NEW YORK, March 6 (Reuters) - Shopping for employee health insurance on private marketplaces might be the way of the future for tens of millions. However, expert opinions about growth have been based on projections, not actual consumer behavior in the exchanges that only really got going last year.
Now one major pilot program has finished its second enrollment season, there’s actual data to evaluate usage as well as how consumers are faring on the private healthcare exchanges.
The Aon Active Health Exchange, a private health insurance market run by the benefit consultant Aon Hewitt, enrolled 600,000 employees and family members in 2014, after signing up 150,000 in 2013, according to a report released today.
Traditionally, an employer contracts directly with an insurance company for employee coverage. Exchanges like Aon’s offer employees the choice of multiple carriers and plans on a private marketplace.
So far, satisfaction is high with the Aon exchange. More than 80 percent of the participants from the first year picked the same plan in the second year. Of those who changed plans, 12 percent picked “leaner” plans and 7 percent picked more expensive plans.
“In the first year, we found that employees selected plans that were most similar to their coverage selection in the prior year. In the second year, those employees who made active choices about their healthcare, moved to lower priced carriers and lower premium tiers,” says Howard Riefs, director of corporate communications for Sears Holdings Corp, which participates in Aon’s exchange.
Other clients include Darden Restaurants Inc and Walgreen Co. Similar exchanges are run by benefits consultants Mercer, a division of Marsh & McLennan Companies Inc , and Towers Watson & Co, but they do not yet have as much enrollment data.
WellPoint Inc and Buck Consultants, owned by Xerox Corp also have exchanges, for a total of about 1 million lives covered on private healthcare exchanges in 2014.
The tier-levels on these private exchanges mimic the metallic bronze, silver, platinum and gold of the public exchanges offered through Obama’s healthcare reforms, but the two systems are not associated with each other.
If Aon’s exchange ends up being indicative of consumer behavior, most people will pick a lower-cost plan than they were previously offered, and then stick with it.
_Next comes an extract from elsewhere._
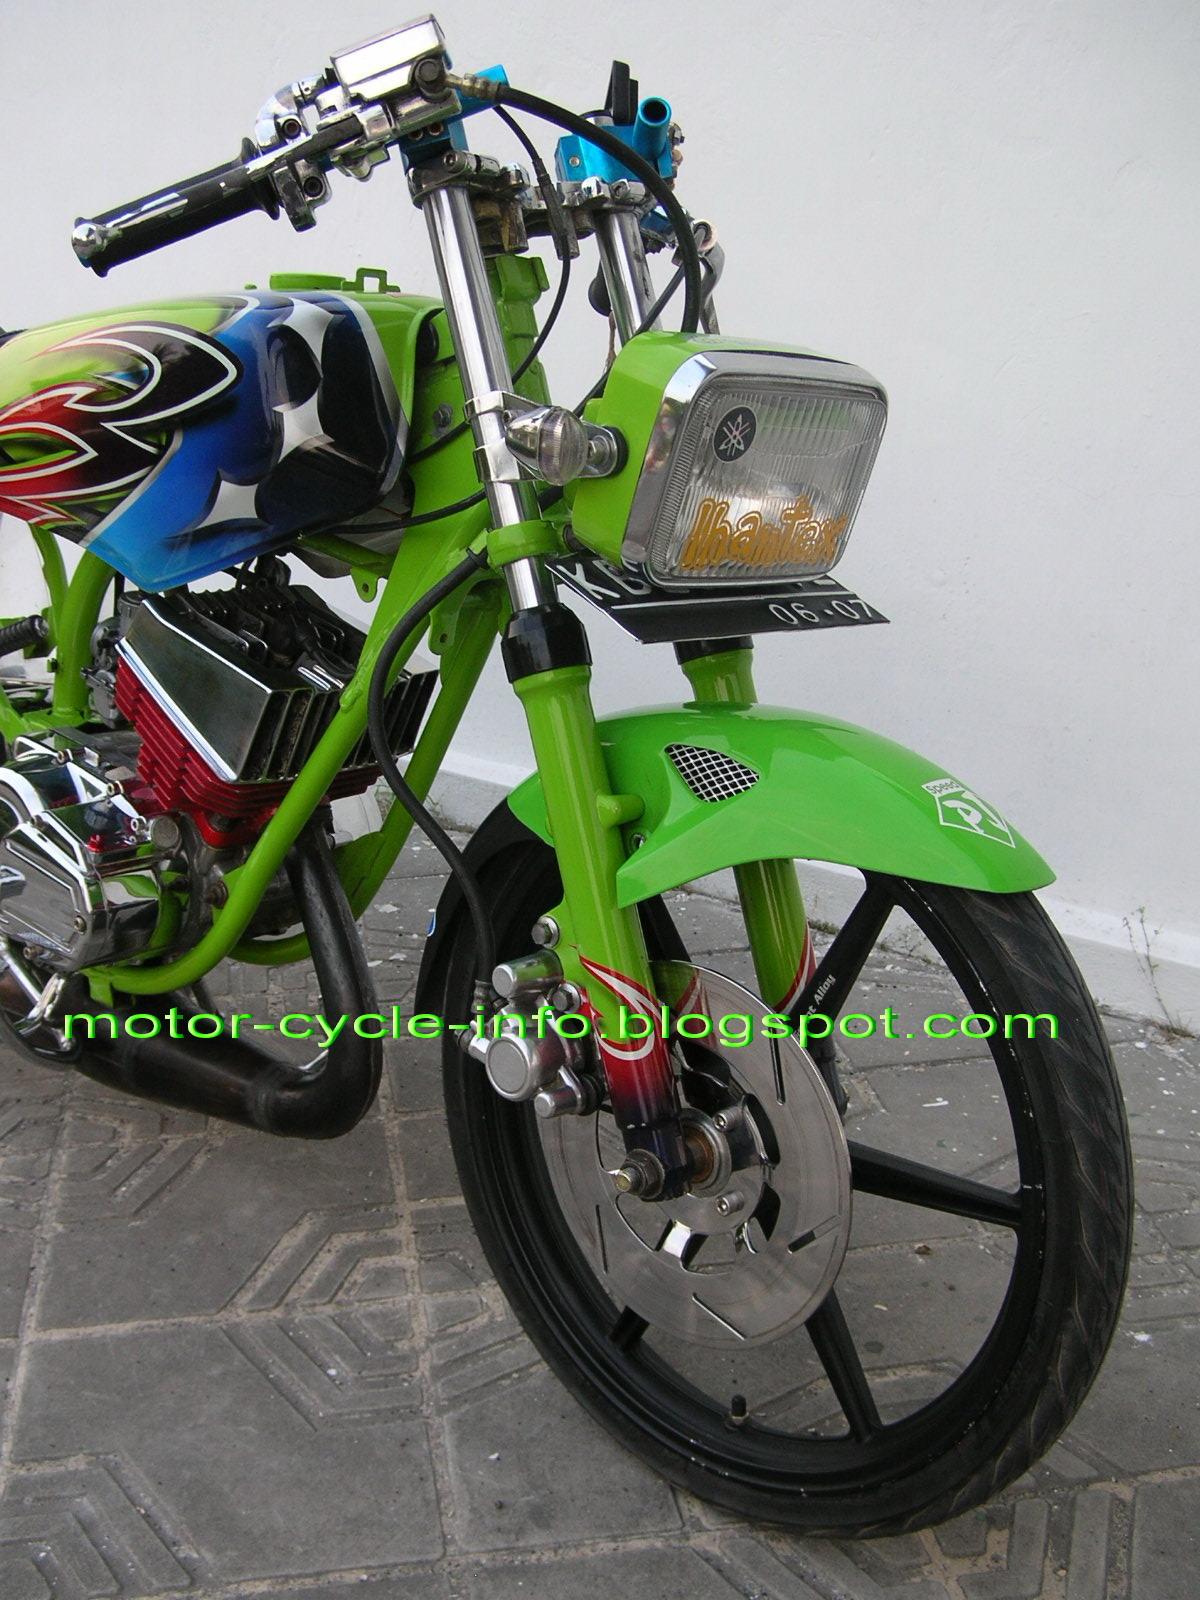 modifikasi motor rx king extreme airbrush | motor modif contest ...

Insurance companies are responding by pricing lower-tier options to steer employees into these options, and offering ever-narrowing physician networks to keep prices down.
Overall in 2014, Aon says 66 percent of the enrollees picked cheaper bronze or silver plans, while 34 percent picked pricier gold or platinum options, a five percent shift from 2013.
Employer contributions did not decline in 2014, but prices did rise about 5.1 percent overall, which Aon notes is less than the industry average of 6 to 7 percent.
There were very few cases, if any, where an employer’s contribution covered or exceeded the entire cost of the lowest-tier plan, says Ken Sperling, Aon Hewitt’s National Exchange Strategy Leader. However, costs on plans in select regions could be as low as $5 per pay period.
“Some insurance companies quote bronze and silver at very attractive levels, because they want to encourage enrollment,” Sperling says. While the difference in coverage between the levels is about 10 percent - bronze covers 60 percent of costs, silver 70 percent, and so on - Sperling says that sometimes the price jumps were double that.
One insurance company in Aon’s exchange dropped out after the first year, but several other new ones joined in for 2014, Sperling adds. Some of the carriers also changed the scope of the physician network offered, mostly to narrow the options and offer it as a lower-cost option.
Tower Watson has noted this behavior through its own exchange, and throughout the industry, says Randall Abbott, a senior consultant with the company. Abbott says that the exchange concept allows for options to remain dynamic - because there’s not one right plan for everyone.
Consumers will decide if networks become too narrow - as they did when there was a backlash against health maintenance organizations in favor of preferred provider networks, Abbott says.
Towers Watson’s latest analysis, also released today in conjunction with the National Business Group on Health, is bullish on the private health exchange front, saying two-thirds of employers find it a viable alternative.
Moody’s Investors Service says in a new report that these exchanges are a win-win for the benefits consultants offering the services, and that their ongoing relationships with so many large corporations in the U.S. virtually assure their success.
“It’s still quite experimental,” cautions Bruce Ballentine, an author of the report and a vice president at Moody‘s.“It works if the employee is well-informed about the choices and is guided through the process.”